During the fourth period T4, the second switching module SM2 switches to the blocking mode. In addition, the first switching module SM1 is in blocking mode. In this period, negative current continues to flow from the output terminal OUT to the load due to the internal capacitance associated with each of the first and second switching modules SM1 and SM 2. Specifically, approximately half of the current through the load 14 is provided by the internal capacitance of each of the switching modules SM1 and SM 2. Thus, the voltage at the output terminal OUT is converted from ground to the positive supply voltage provided at the positive supply terminal dc+ and the current through the load 14 becomes increasingly positive.

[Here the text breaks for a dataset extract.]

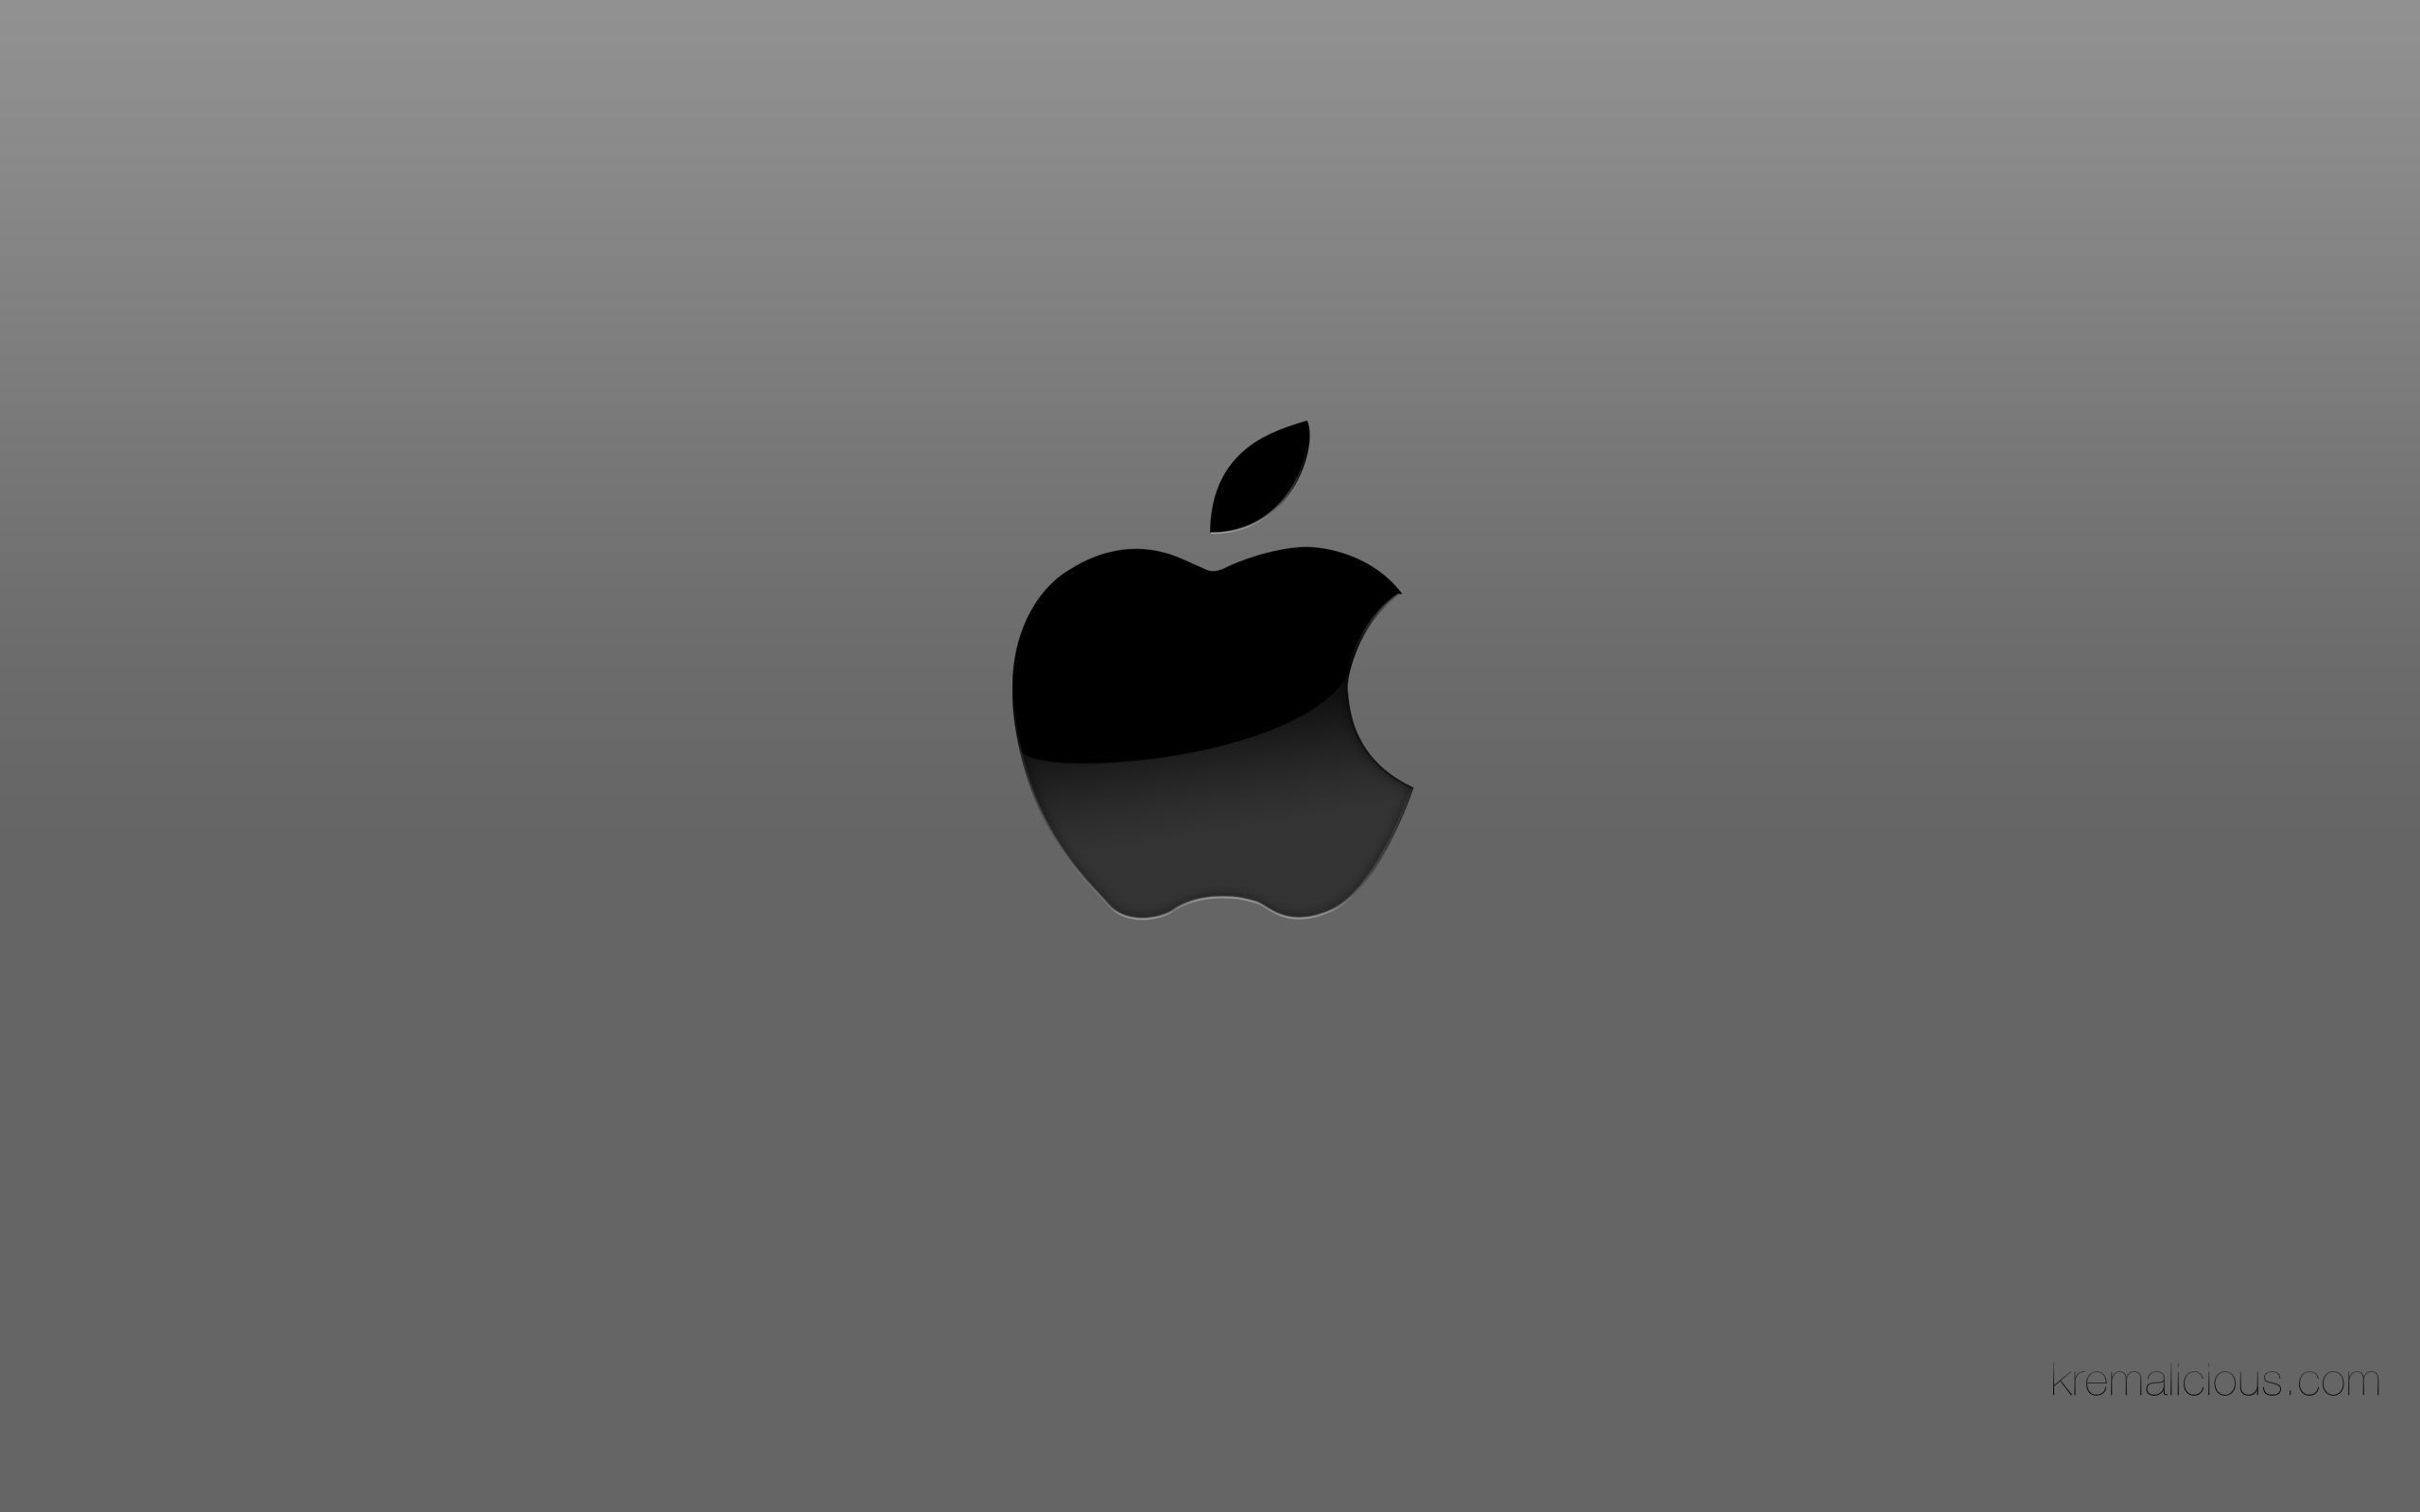 Hd wallpaper macbook - Best Ideas About Apple Wallpaper On Pinterest Apple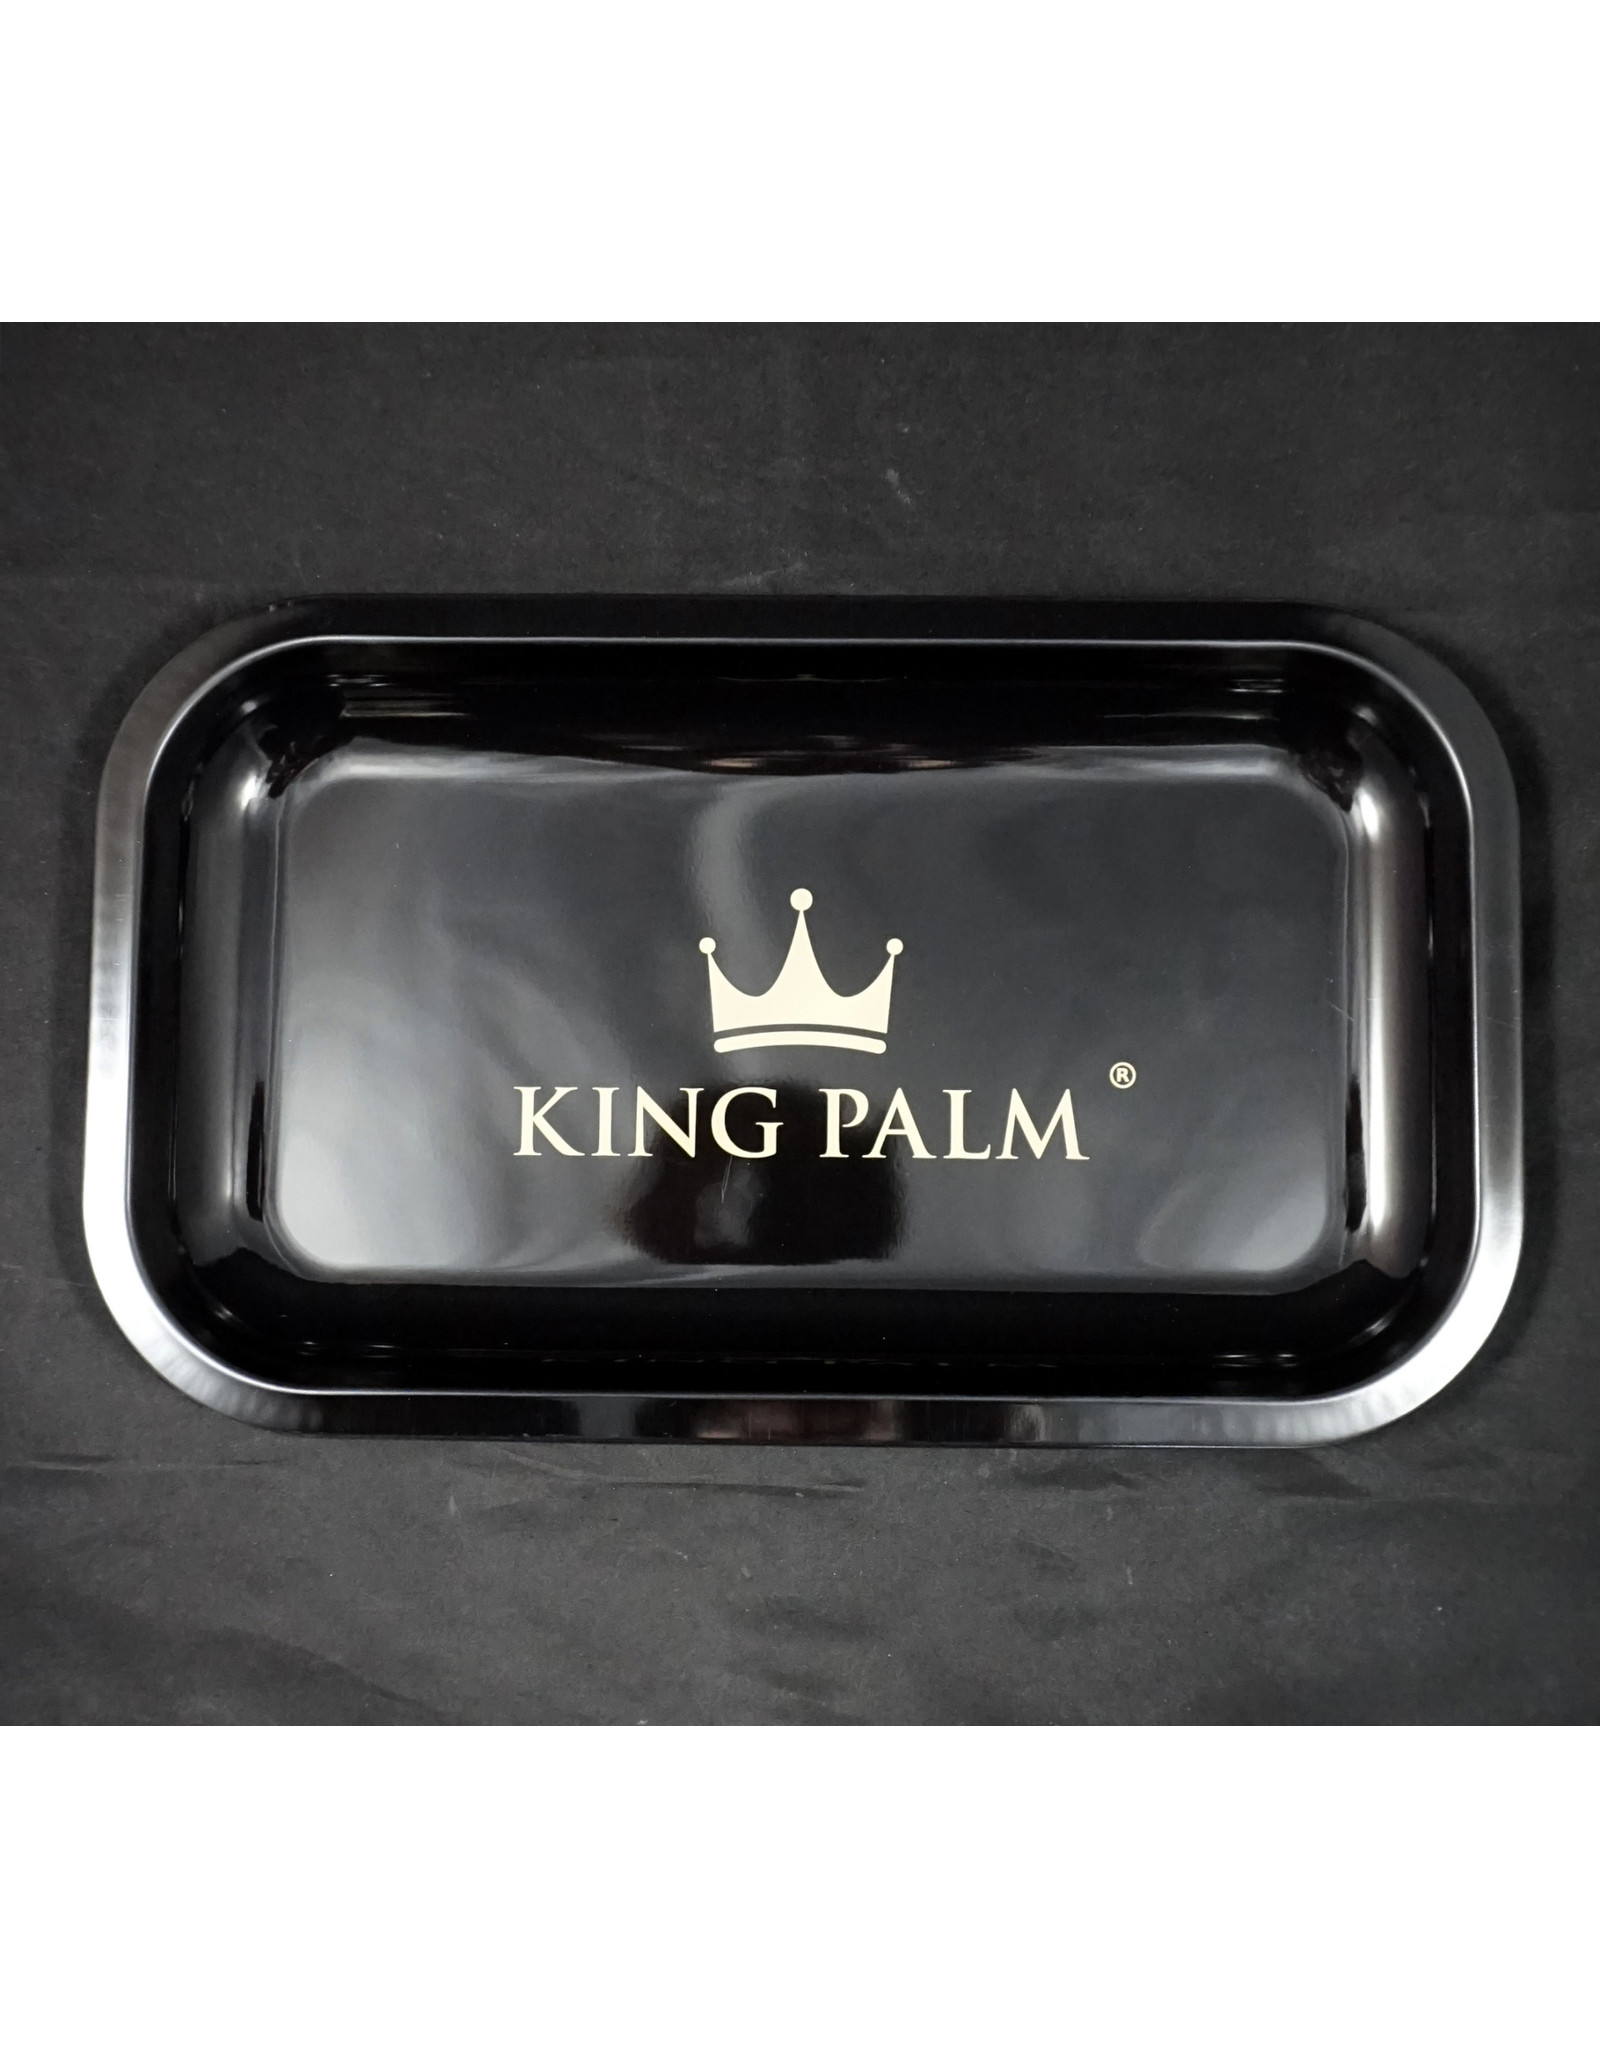 King Palm King Palm Medium Rolling Tray

Finally, during the fifth period T5, the switching cycle is restarted such that the first switching module SM1 is in the on mode and the second switching module SM2 is in the off mode.

Fig. 3 shows details of the first switching module SM1 according to one embodiment of the present disclosure. The second switching module SM2 may be configured similarly to the first switching module SM2, but is not shown for simplicity. As shown in fig. 3, the first transistor Q1 and the first diode D1 of the first switching module SM1 may include a plurality of transistors Q1 _1-6 and a plurality of antiparallel diodes D1 _1-6 coupled in parallel. Specifically, the drain contacts D of each of the plurality of transistors Q1 _1-6 may be coupled together, the source contacts S of each of the transistors Q1 _1-6 may be coupled together, and the gate contacts G of each of the transistors Q1 _1-6 may be coupled together through the gate resistor R _G, respectively. Each of the transistors Q1 _1-6 includes an anti-parallel diode Q1 _1-6 coupled between a source contact S and a drain contact D thereof. Although six transistors Q1 _1-6 are shown coupled in parallel with six anti-parallel diodes D1 _1-6, any number of transistors and anti-parallel diodes may be used without departing from the principles of the present disclosure.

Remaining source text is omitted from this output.